Hanno accettato in tutto questo tempo le proposte del governo alla Troika per un nuovo memorandum con dolorose misure antioperaie. E’ indicativo che non hanno fatto cadere il governo SYRIZA-ANEL prima dell’adozione del barbaro memorandum e hanno continuato ad assicurare in tutti i modi che avrebbero appoggiato il governo nonostante le loro divergenze… fino a che lo stesso primo ministro Tsipras ha annunciato le dimissioni del suo governo…

Queste forze sono state in silenzio anche quando il governo SYRIZA-ANEL ha promesso agli Stati Uniti e la NATO una nuova base militare nel mar Egeo, quando il loro governo teneva esercitazioni militari congiunte con gli USA e Israele, quando votava per la continuazione delle sanzioni dell’UE contro la Russia, quando il ministro della Difesa dichiarava che il paese avrebbe partecipato a tutte le missioni imperialiste della NATO e l’UE.

Adesso si presentano come “sposi traditi” e come i veri rappresentanti del “radicalismo” di SYRIZA e parteciperanno alle elezioni del 20 settembre in modo indipendente.

Una Grecia capitalista con moneta nazionale

Ma che cosa propone questa forza politica? Se SYRIZA fino ad ora ha promesso che la Grecia rimarrà nella zona euro, UP parla di una “uscita ordinata dall’euro, se necessario”. Ma tuttavia non pone la questione dell’uscita del paese dall’Unione Europea e il percorso di sviluppo capitalista. Perché UP parla di una “uscita dall’euro se necessario”? Come ha spiegato il capo di UP, P.Lafazanis, ammiccando al capitale, questa uscita si verificherà solo nel caso che l’economia capitalista lo necessiti per la ripresa. Inoltre UP “ricicla” un mucchio di ben note misure neokeynesiane per gestire il sistema, ad esempio “la socializzazione delle banche affinché esse svolgano un ruolo di sviluppo”, sostenendo così la posizione che le banche possano diventare istituzioni caritatevoli che distribuiscono denaro statale pronto per sostenere la tanto decantata ripresa capitalista.

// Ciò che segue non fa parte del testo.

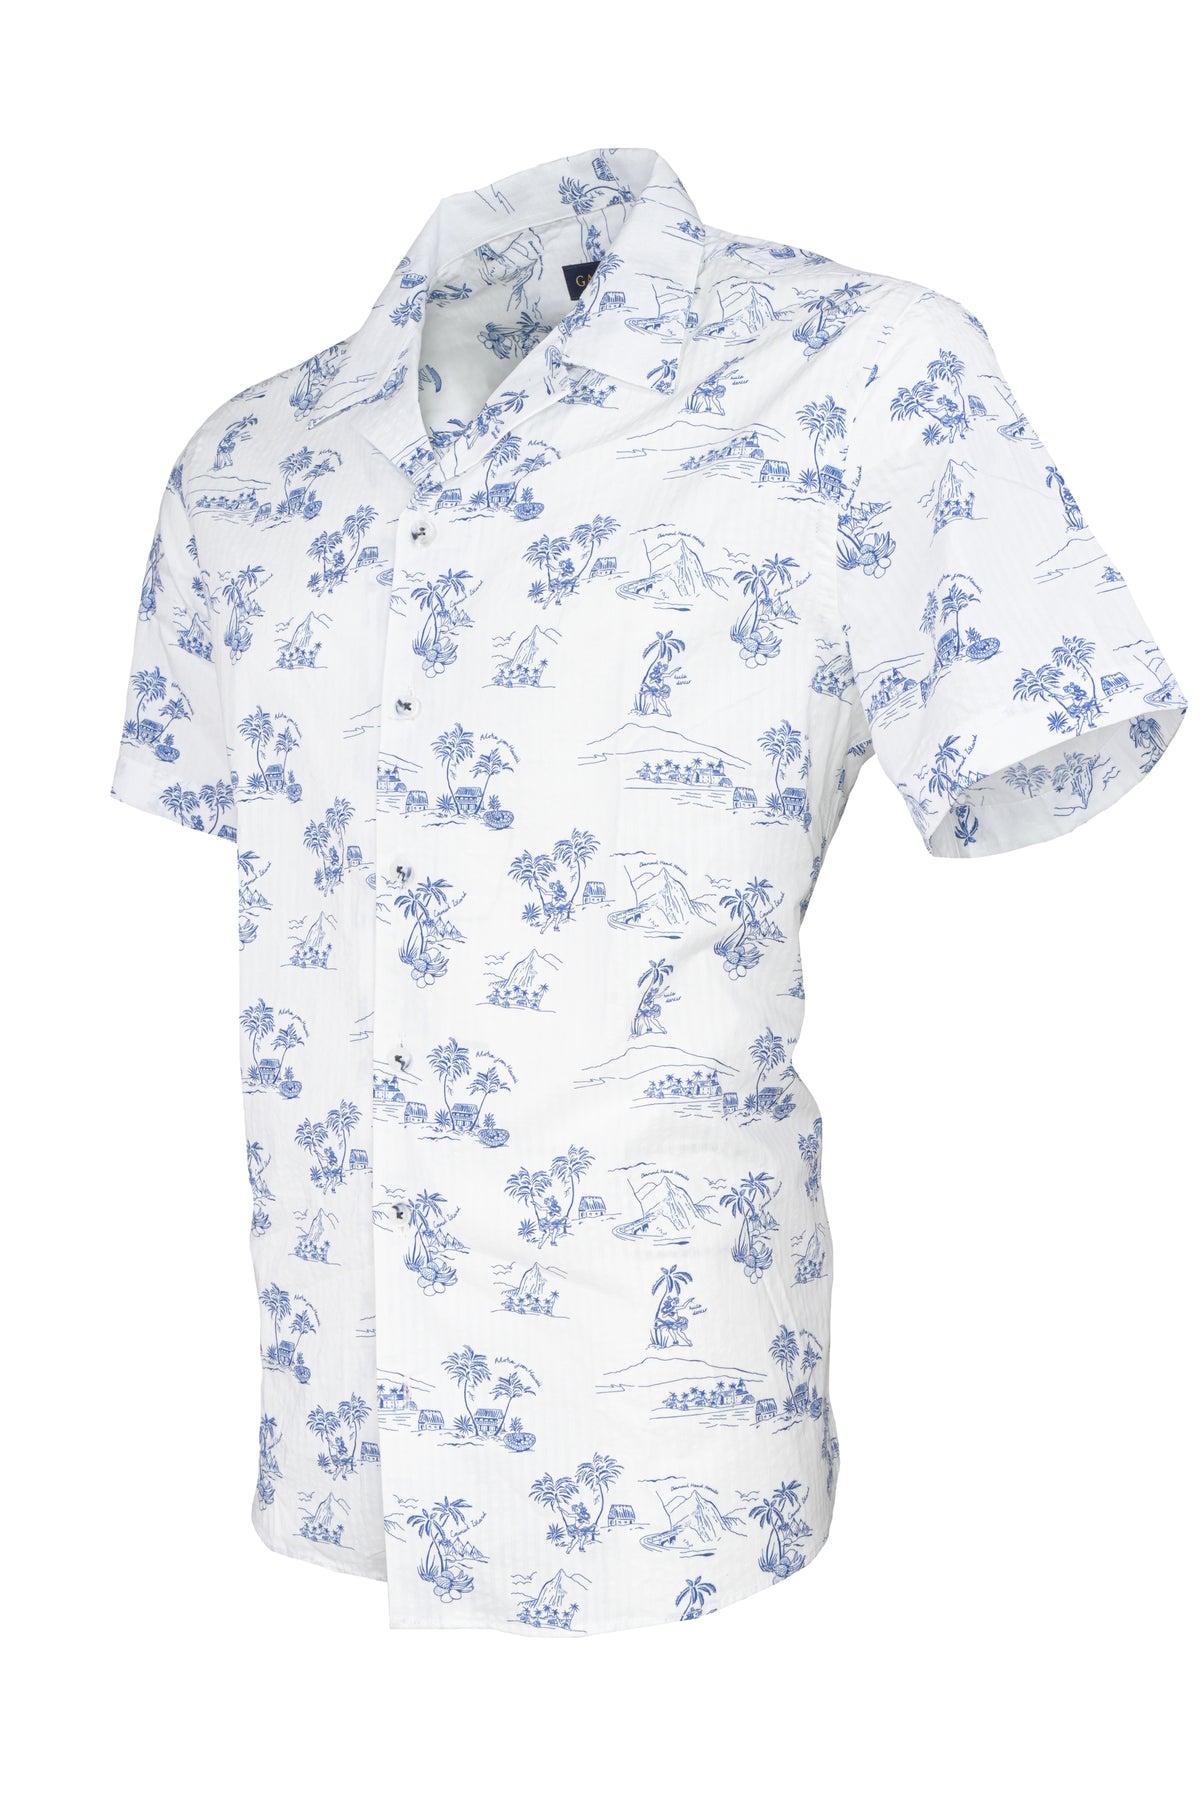 Garnet Tropical Island Seersucker Camp Collar Shirt
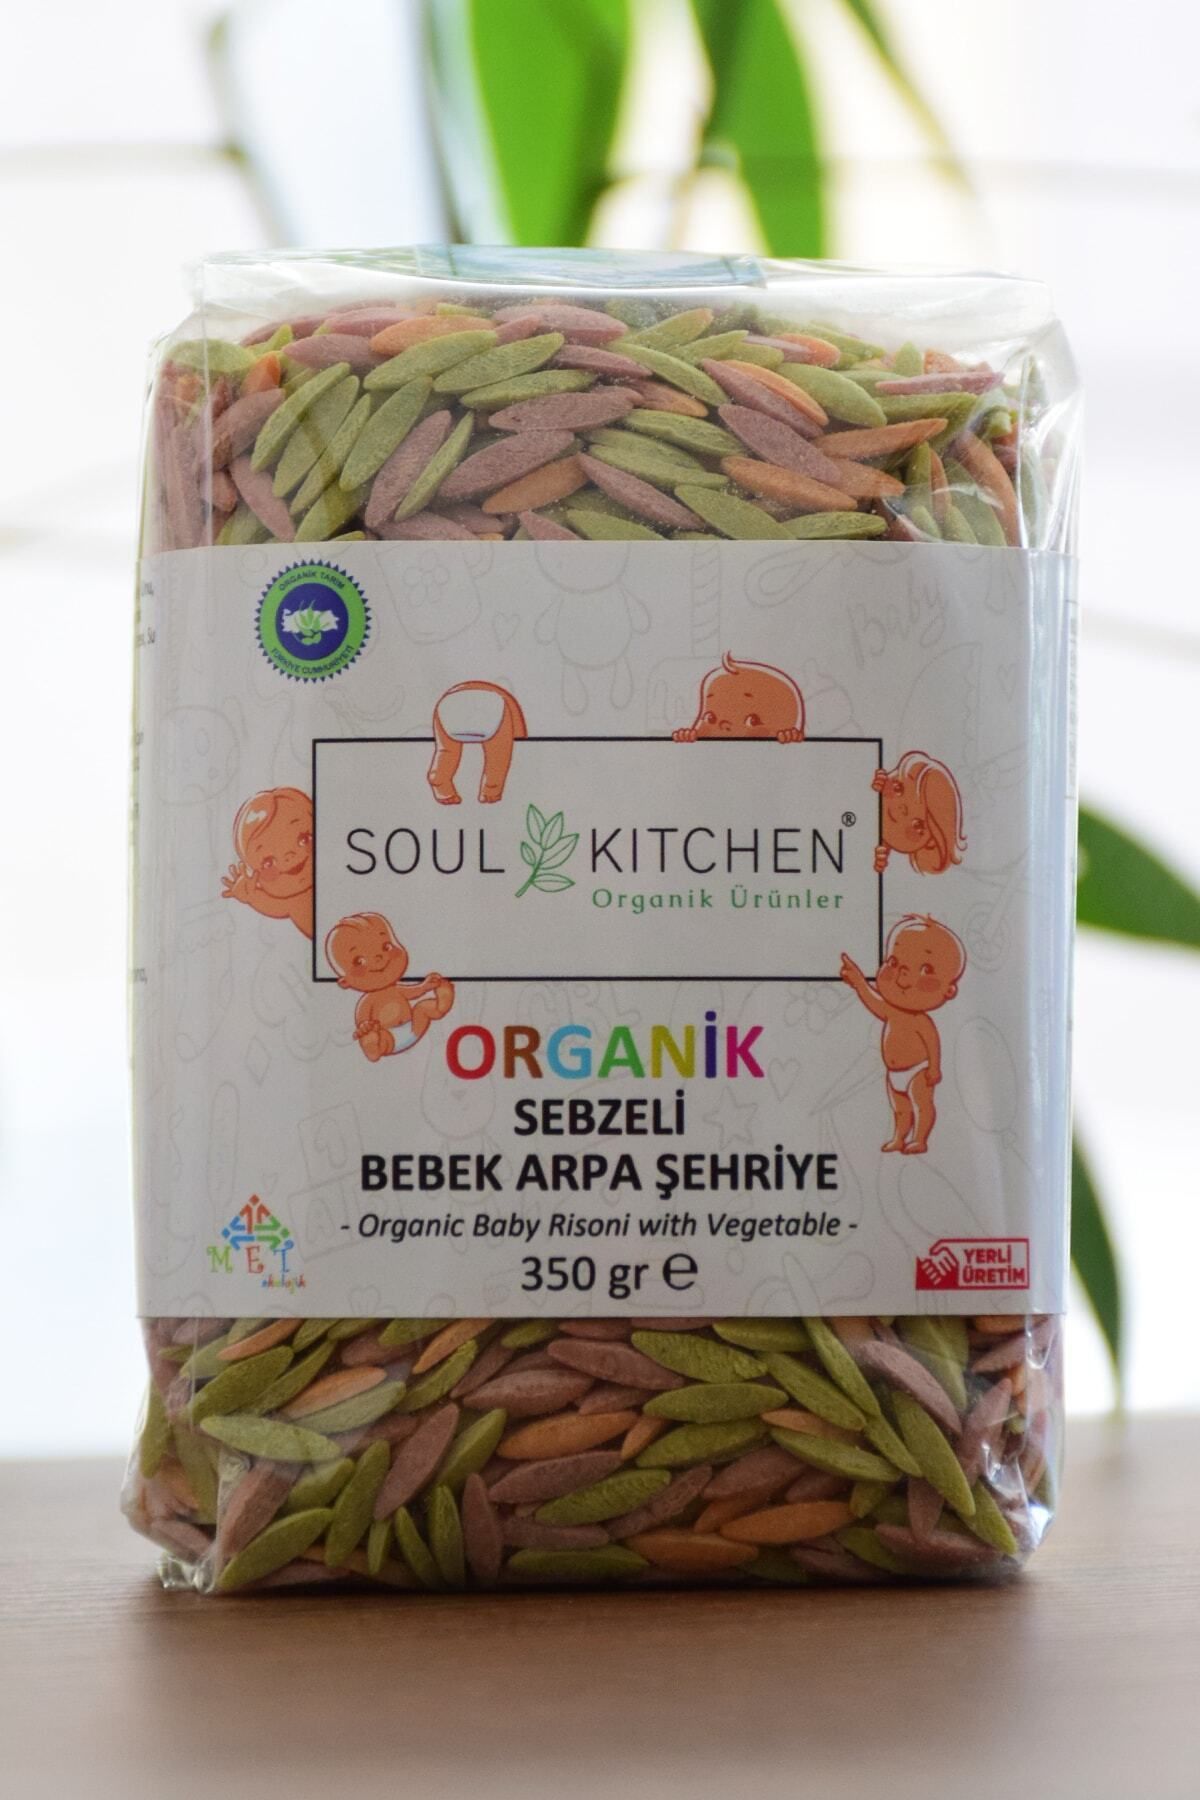 Soul Kitchen Organik Ürünler Organik Sebzeli Bebek Arpa Şehriye 350gr - Tuzsuz

In questo modo sta seminando illusioni tra il popolo, occultando le leggi fondamentali che governano l’economia capitalista che richiedono continuamente nuovi “sacrifici” dei lavoratori, la riduzione dei diritti sociali e lavorativi e dei redditi popolari con l’obiettivo di recuperare la reddittività del capitale.

Alla fine, UP parla dell’”annullamento della maggior parte del debito in modo che il paese possa respirare”, accettando in questo modo, come fanno gli altri partiti del sistema, che il popolo è responsabile del debito e per questo deve pagare.

I quadri di UP menzionano come esempio “altri paesi fuori dall’euro che avanzano molto bene”. Di quali paesi parla il capo del nuovo partito opportunista Lafazanis? La Gran Bretagna, la Danimarca che non sono nella zona euro, fatto che non impedisce la distruzione dei diritti lavorativi e popolari in questi paesi, mentre altri quadri di UP citano il Fronte Nazionale di Le Pen in Francia, gli industriali italiani, una sezione del capitale tedesco…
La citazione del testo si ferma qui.